A blog about my challenges in the Microsoft data space

Azure Data Factory – “Execute SQL Task”

Scenario

How to run single SQL commands using Azure Data Factory (ADF)? Sometimes I need just that. No fancy requirements just execute a simple UPDATE for example.

Investigation

Unfortunately there is no such thing as our good old friend the Execute SQL Task in SSIS. I would like to think this is an oversight but I’m not sure that this functionality will come into ADF. I have looked around online and there are some workarounds but the answers to this question are scarce.

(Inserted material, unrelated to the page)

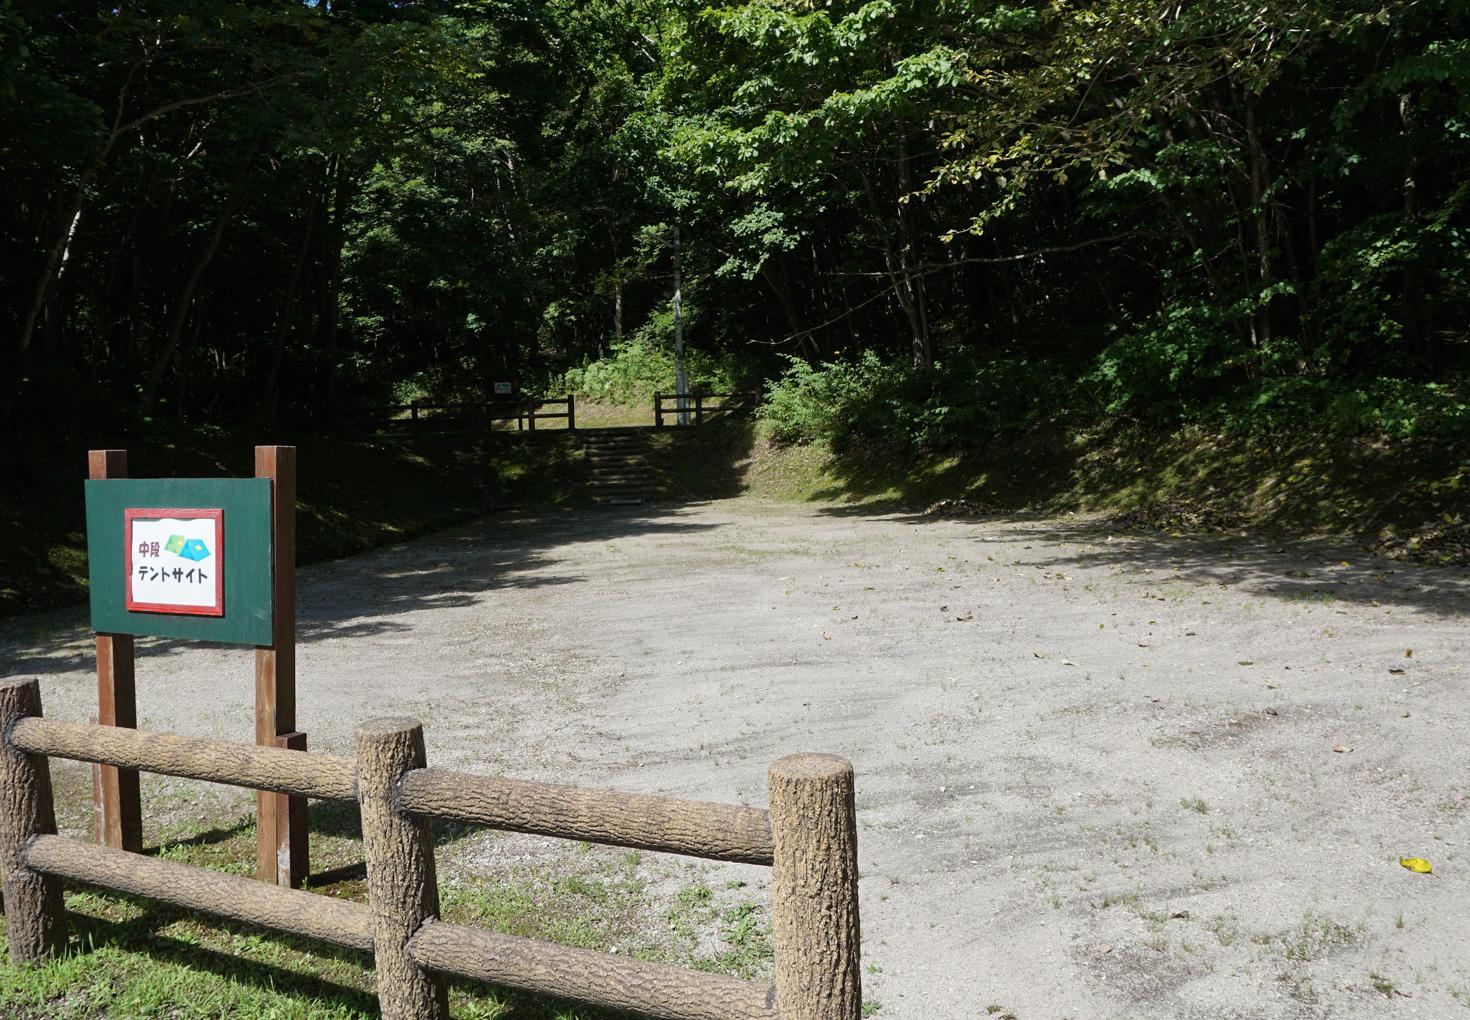 千歳市泉沢自然の森キャンプ場10

But don’t despair I try to collect a few methods for you, dear Reader until (if ever) a shiny new icon “SQL” appears among the different activities of an ADF pipeline.

Workarounds

Stored Procedure – redesigning your SQL command as a stored procedure

This is my least favourite but the one that is most frequently recommended. I don’t like wrapping a possibly very simple SQL command into a stored procedure as I think there is too much overhead with maintaining the code, putting the logic outside ADF, … honestly: too much hassle but good to keep in mind as a last resort.

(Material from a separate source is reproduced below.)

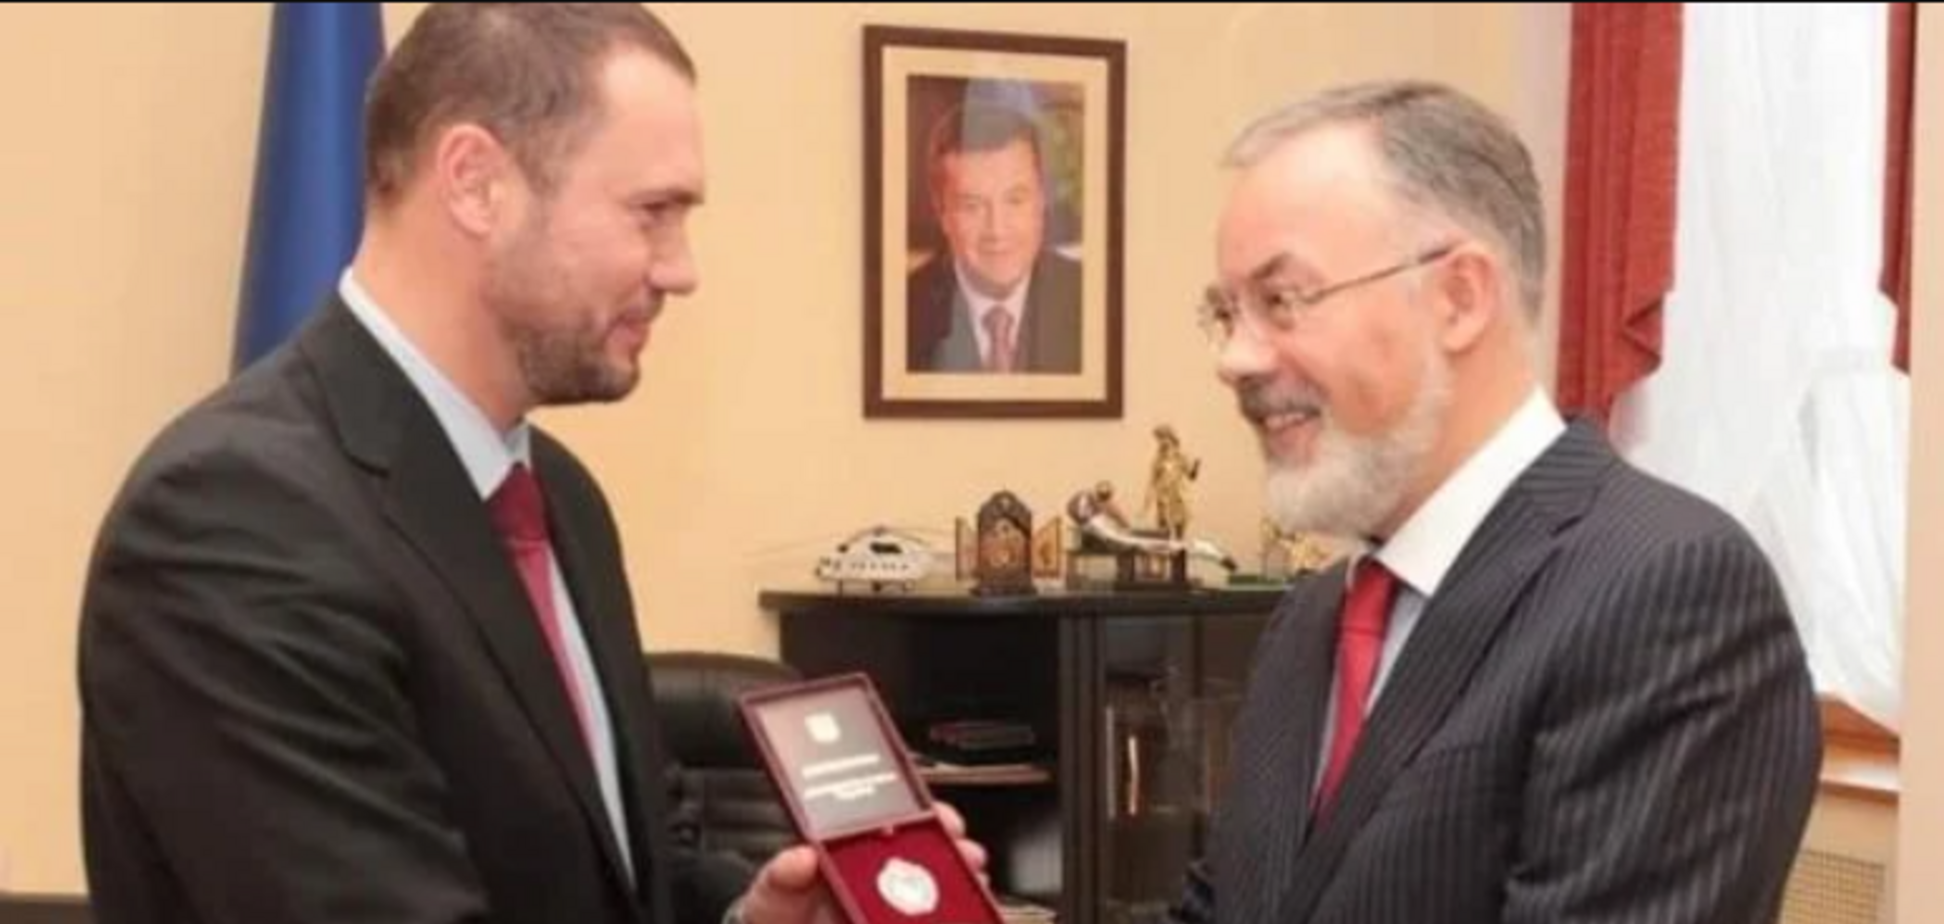 Зеленский назвал кандидатов на главу МОН: среди них есть экс-регионал Шкарлет

Stored Procedure with a twist

To execute a stored procedure that stored procedure needs to exist. I could either create it myself (see previous option) or I can use one that’s available out of the box in a SQL Server database! The idea came to me when looking through a totally different stored procedure that puts together a SQL statement dynamically. Maybe you already know now before I write it down:

sp_executesql

https://docs.microsoft.com/en-us/sql/relational-databases/system-stored-procedures/sp-executesql-transact-sql (it applies to all 4 SQL Server platform no matter if you have it on-prem or in the cloud)

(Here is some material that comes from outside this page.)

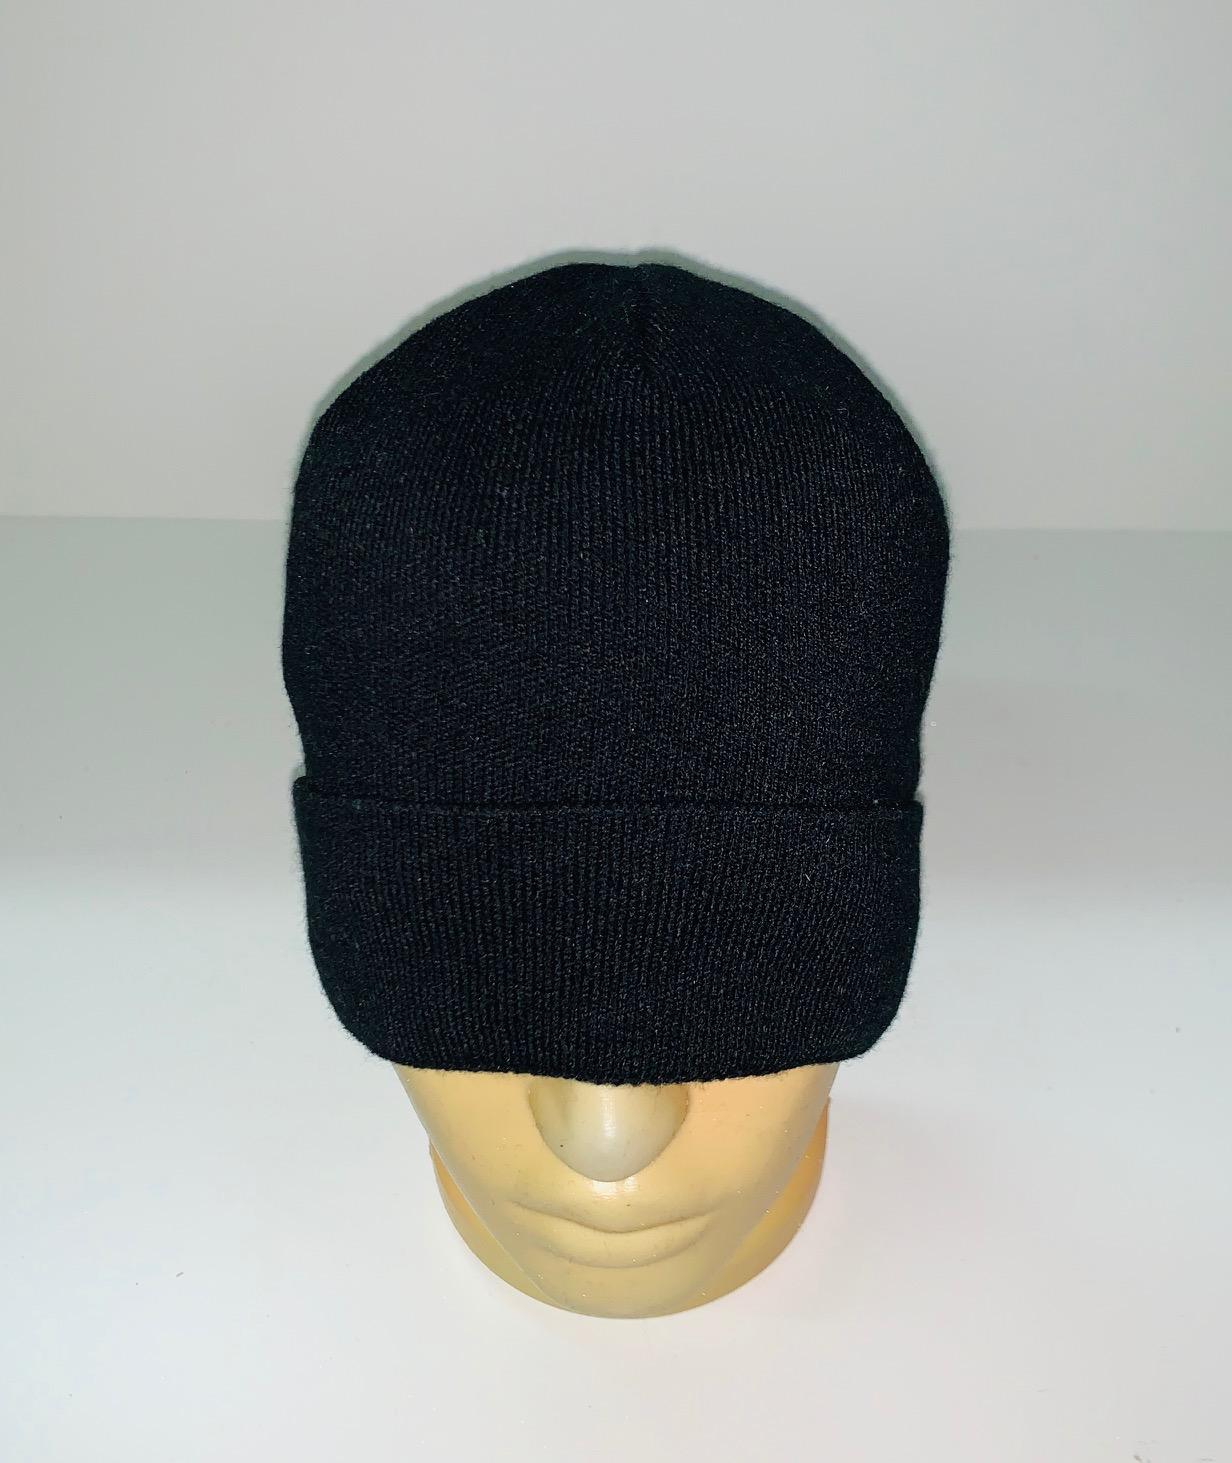 Модная угольно-черная шапка

EXECUTE sp_executesql N' your SQL command comes here '

Lookup activity

This is the third way I have found. Though it’s not designed to simply execute SQL commands but to execute them and return a piece of data in some format. So for SELECT statements it’s good especially if you want to use the results later in your pipeline (it’s designed for that). But then how to run a data manipulation command like UPDATE?
Well there is no real requirement what happens between issuing the command and returning a piece of data. So it’s easy to run an UPDATE statement with a valid OUTPUT clause!
https://docs.microsoft.com/en-us/sql/t-sql/queries/output-clause-transact-sql

UPDATE your_table SET your_column = your_column * 15
OUTPUT Inserted.your_column
WHERE IsGST = 'True'

Dynamic SQL

This was a tricky one to solve. Again I got quite annoyed that Azure Data Factory does not have the native functionality to execute a SQL statement. I spent a lot of time trying to make the sp_executesql version work because that system stored procedure is supported by all SQL Server platforms according to https://docs.microsoft.com/en-us/sql/relational-databases/system-stored-procedures/sp-executesql-transact-sql See that all four has a green tick next to them in the APPLIES TO row. Despite that it didn’t behave correctly despite my diligent efforts of disciplining the system.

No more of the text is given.